* [Dataset section]:
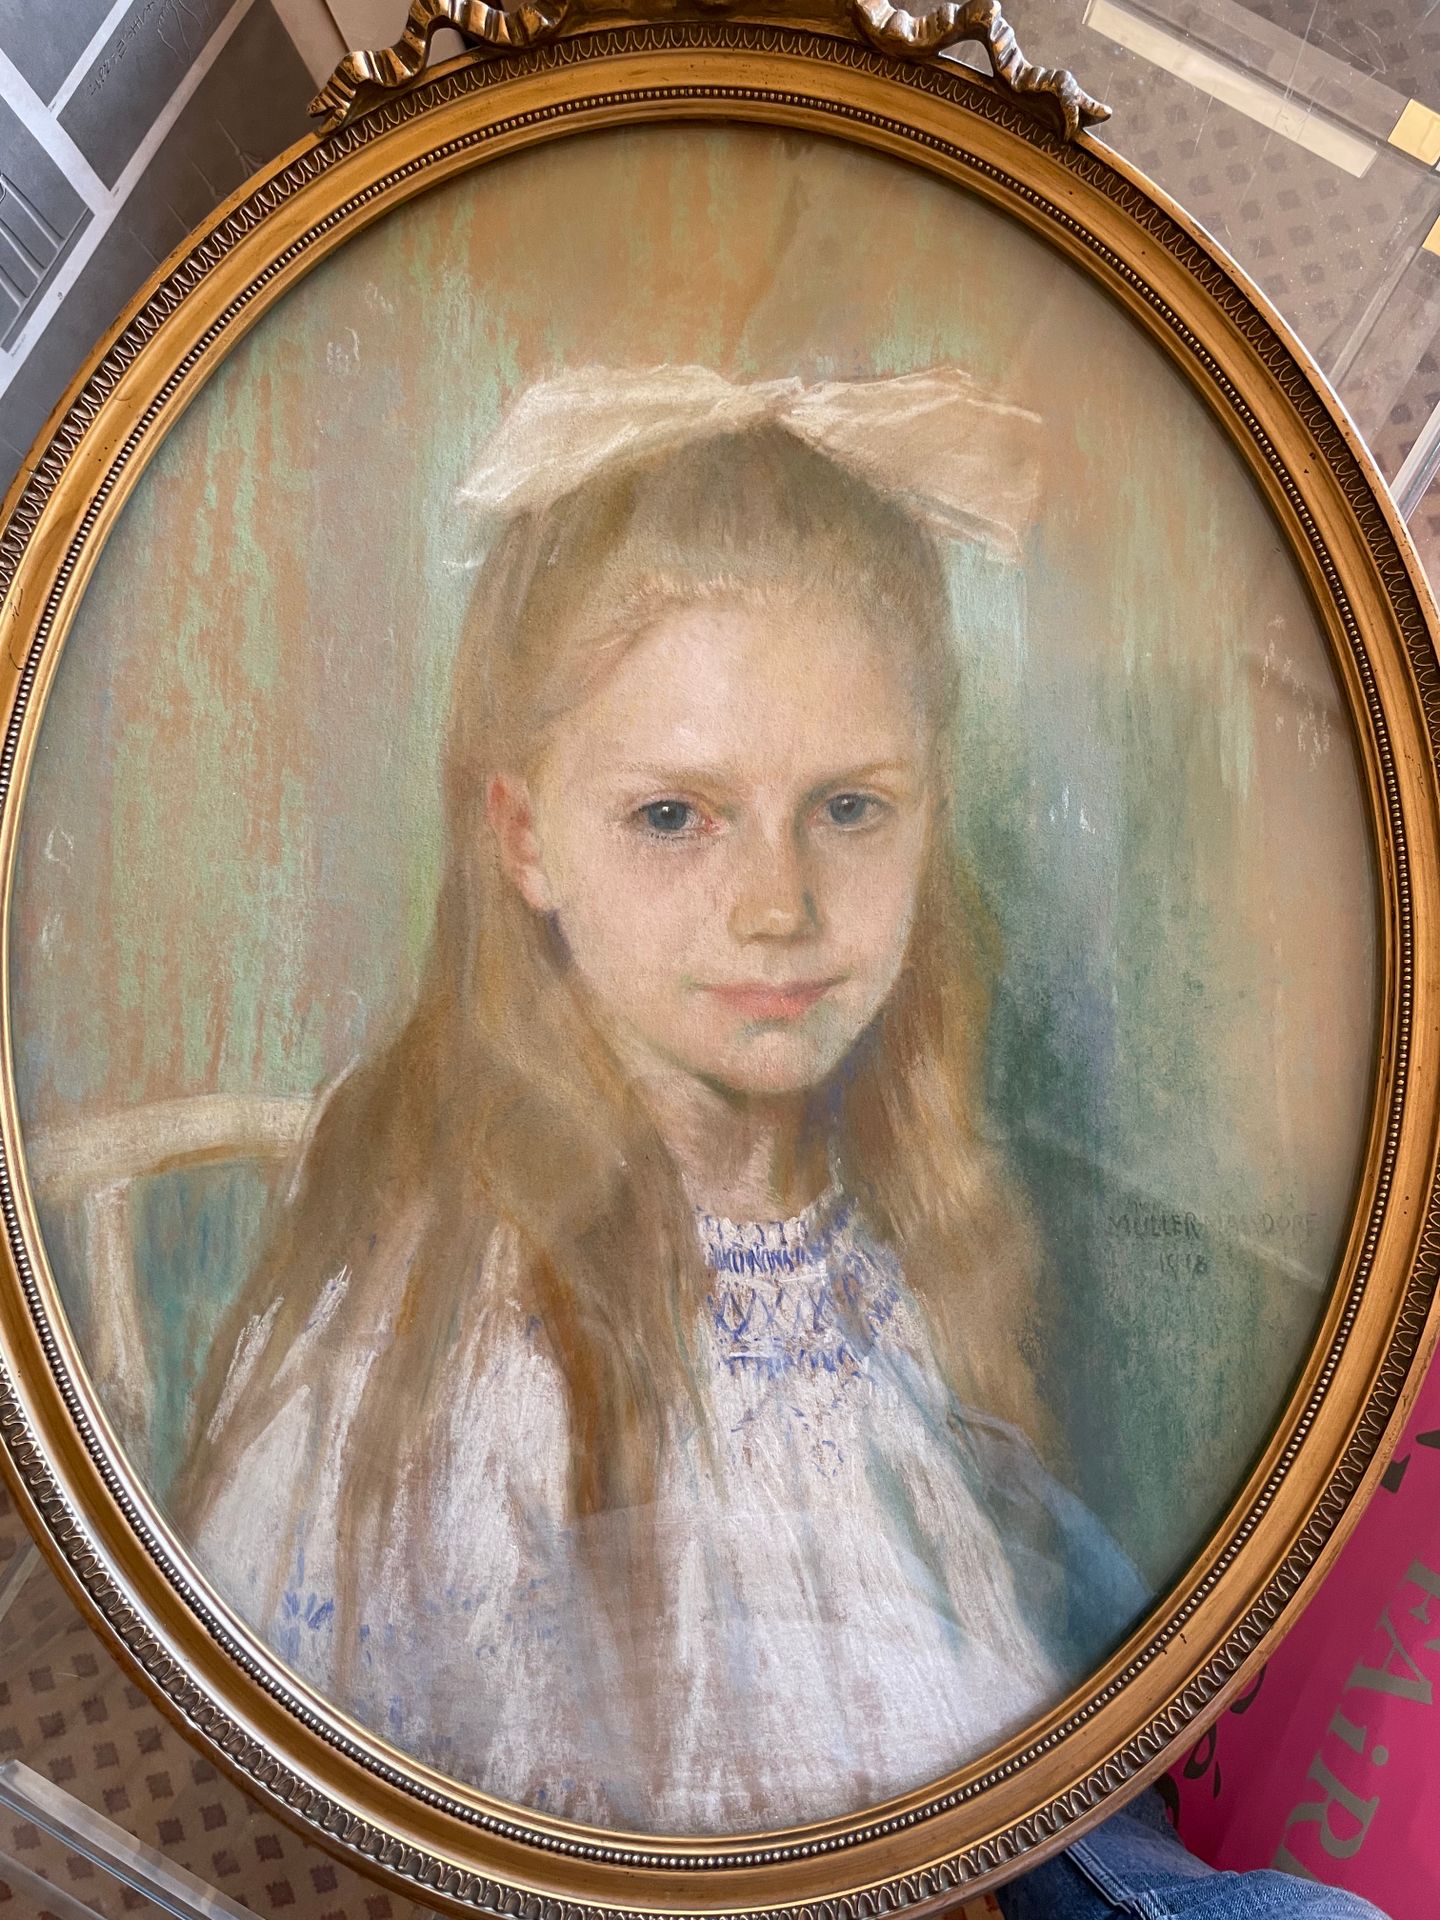 Julius MÜLLER-MASSDORF (1963-1933) 半身少女的肖像
粉彩画
右下角有签名和日期 1918
高50.5厘米。

* [What you should do]:
Nothing but an exact copy of the data, without its images, should make up your answer.

* [Your response]:
 Julius MÜLLER-MASSDORF (1963-1933) 半身少女的肖像
粉彩画
右下角有签名和日期 1918
高50.5厘米。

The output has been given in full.